При построении (или лучше сказать сочинении!) действенной логики оперного спектакля надо знать,
Вот примитивный жизненный пример. Идет по улице человек, по внешнему облику его поведения можно сказать: «Ах, какой милый, симпатичный и культурный мужчина». А он, может быть, омерзительный тип и идет от матери, отобрав у нее последние сбережения для удовлетворения собственных прихотей. Человек не пойдет по улице, показывая всем, что он негодяй, подлец. Да он и сам эти свойства за собой не признает. Но, увы, часто оперный спектакль идет в раскрытии подобного образа не далее саморазоблачительного примитива.
Режиссер и актер, услышав в музыке характеристику такого мерзавца, его «зерно», спешат проявить его в поведении, повадках, интонациях роли. Если вы внимательно вслушаетесь в музыку Сергея в опере Шостаковича «Катерина Измайлова», когда тот входит в спальню к Катерине, вы сразу скажете: «Вошел наглец, обманщик, человек примитивный, безнравственный и безвкусный. Вошел пошляк». Но это знает только композитор. Он дает персонажу свою характеристику.
А знает ли это Сергей? Знает ли это Катерина? Наконец, должен ли Сергей стремиться обнаружить свою пошлость? Даже в случае, если он за собою признает все те мерзкие черты характера, которые известны Шостаковичу? И еще: должна ли публика сразу увидеть пошляка (не рано ли?) и недоумевать, почему Катерина его терпит? А если Катерине нравится такой гадкий человечишко, то кто же есть она сама? Цепочка началась и она неминуемо приведет к тому, что опера превратится в показ отбросов человечества, в которых нет ничего, кроме пошлости и плотского распутства, хотя совсем не это главное в произведении Шостаковича.
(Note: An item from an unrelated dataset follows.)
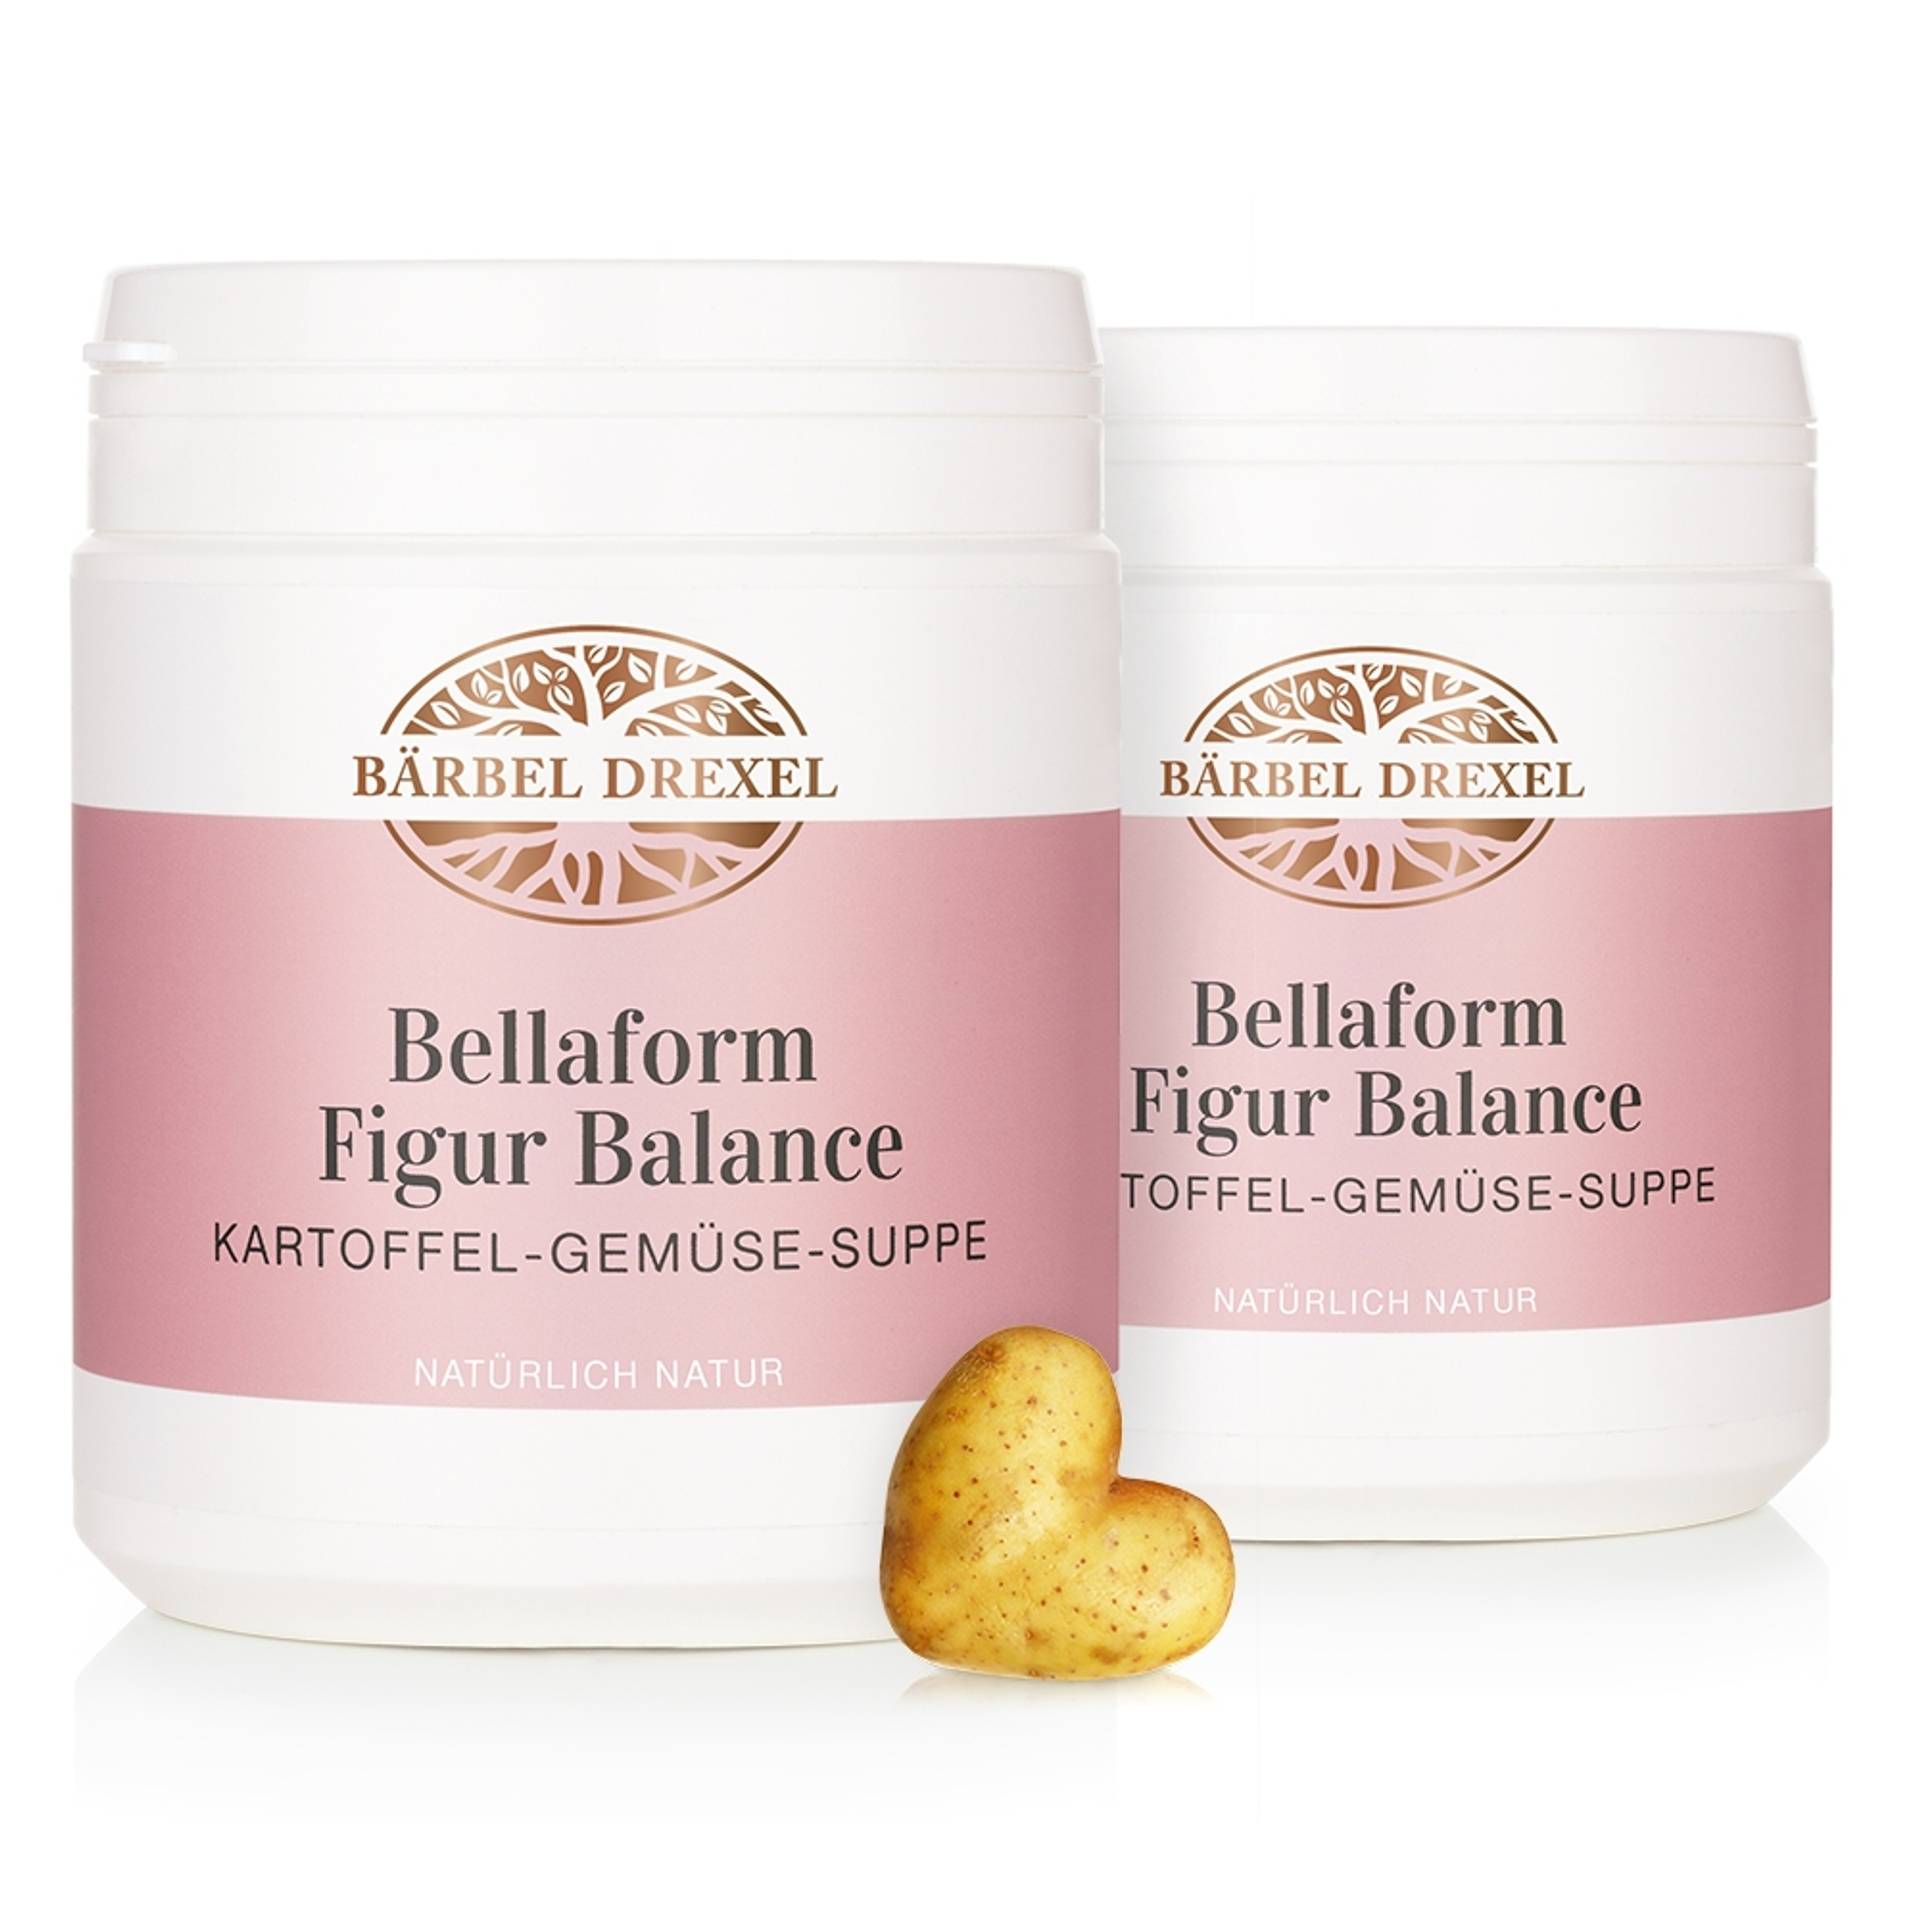 Bellaform Figur Balance "Kartoffel - Gemüse - Suppe"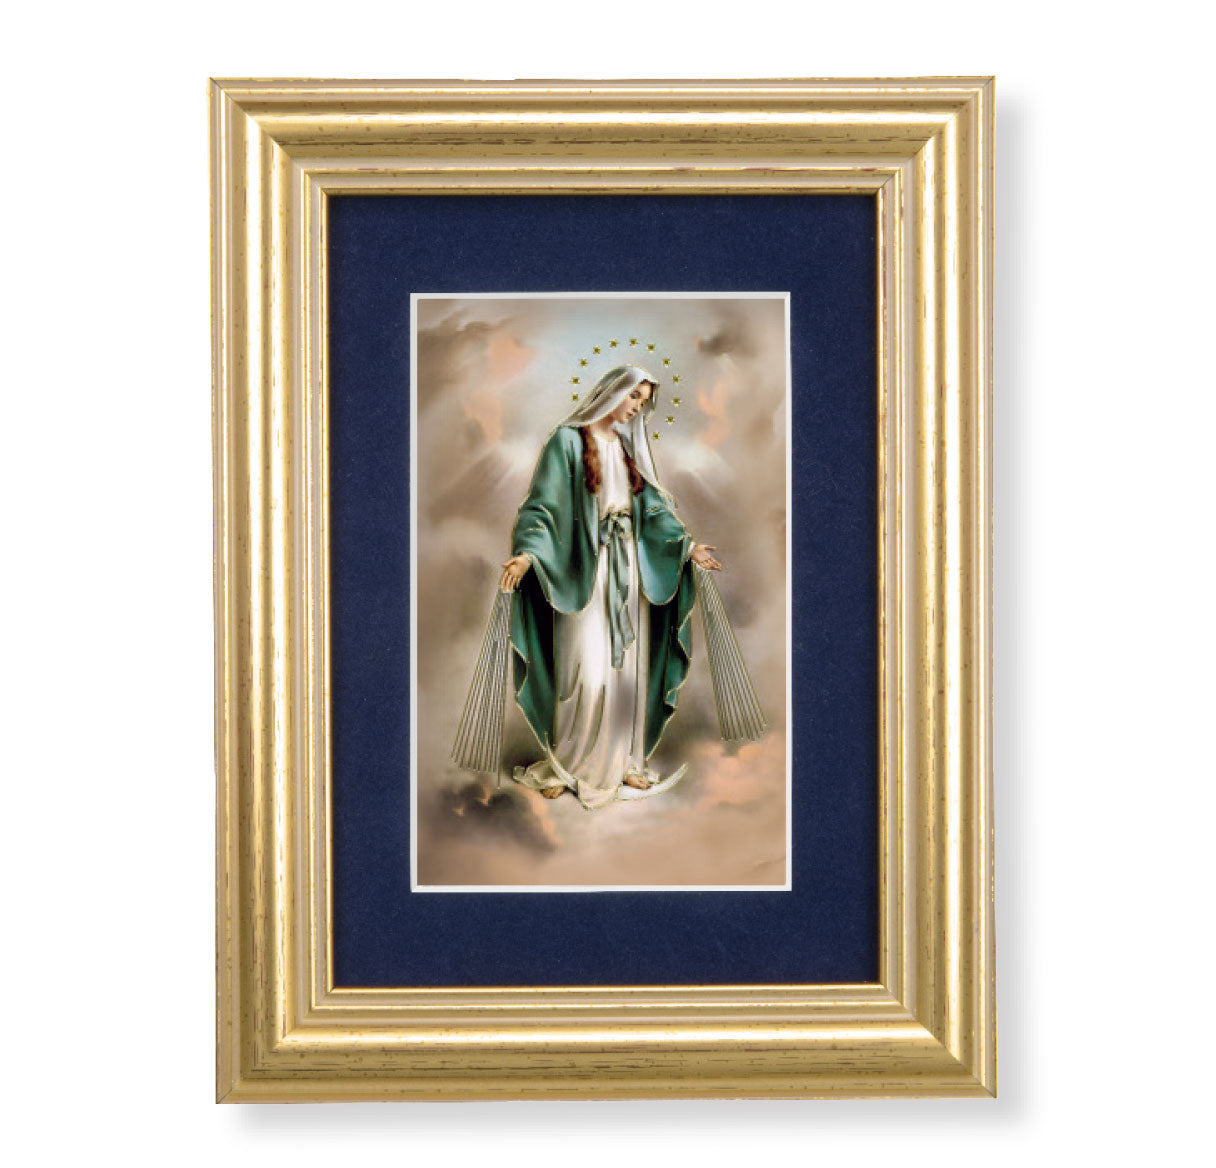 Our Lady of Grace Gold Framed Art with Blue Velvet Matting

В художественном процессе восприятия оперы композитор всегда должен знать больше о герое, чем сам герой, больше, чем публика. «Вакуум» между тем, что слышит зритель, и тем, что он видит, должен постепенно (процесс!) заполняться воображением публики (в этом и заключен смысл ее сотворчества). Шостакович разоблачает Сергея каждой интонацией, но должен ли разоблачать себя Сергей? Вот в чем вопрос.
И снова знакомый круг размышлений. Идти лобово «от музыки» при постановке спектакля — значит, идти прямым путем к фальши. Никогда человек не захочет показать свои дурные черты, даже если он их (это бывает нечасто) и знает… Поэтому вокальные интонации артиста и весь образ его поведения должны строиться в логике характера Сергея, которому его поступки кажутся благородными, не отпугивающими, а вызывающими доверие. Сопоставление авторских и актерских интонаций (музыкальных и вокальных), образа музыки и образа действия и рождает оперный спектакль.
Здесь меньше всего пренебрежения к музыке, здесь больше всего преклонения перед оперной драматургией. Другие пути, как подтверждает история и наш собственный опыт, должных результатов не дают. Так что мало любить музыку, «понимать» ее, уважать, надо в каждый момент знать, какую роль она играет в драматургической системе оперы, и искать наиточнейшее к ней театральное соотношение. Так и хочется вспомнить Самуила Абрамовича Самосуда: «Правильно, дорогой мой, а то все объявляют, что идут от музыки и действительно ушли от нее очень далеко! Ха-ха-ха…!»
С ХУДОЖНИКАМИ
Если в моей жизни коллеги-режиссеры оказались в стороне, меня с ними не связывали «производственные отношения» и не завязывалась обыкновенная личная дружба, то художники не менее активно, чем дирижеры, вошли в мою жизнь, ввели в свой круг творчества и быта, влияли на меня.
В Горьком я сразу был «принят» Анатолием Михайловичем Мазановым, самобытным и плодовитым художником, соединявшим поэтичность и акварельность с экспрессивной театральностью. Конечно, мы подружились с ним не на почве «родства характеров» — такая дружба для меня всегда была редкостью, а на более твердой почве — театра. «Кармен», «Фауст», «Евгений Онегин», «Иоланта», «Снегурочка», «Чародейка», «Юдифь», «Скупой», «Алеко», «Холопка» в Горьком, «Майская ночь» в Большом театре, «Воевода» в Ленинграде… целая обойма совместных работ и — неотступное его требование ко мне: больше нового, выразительного, красивого.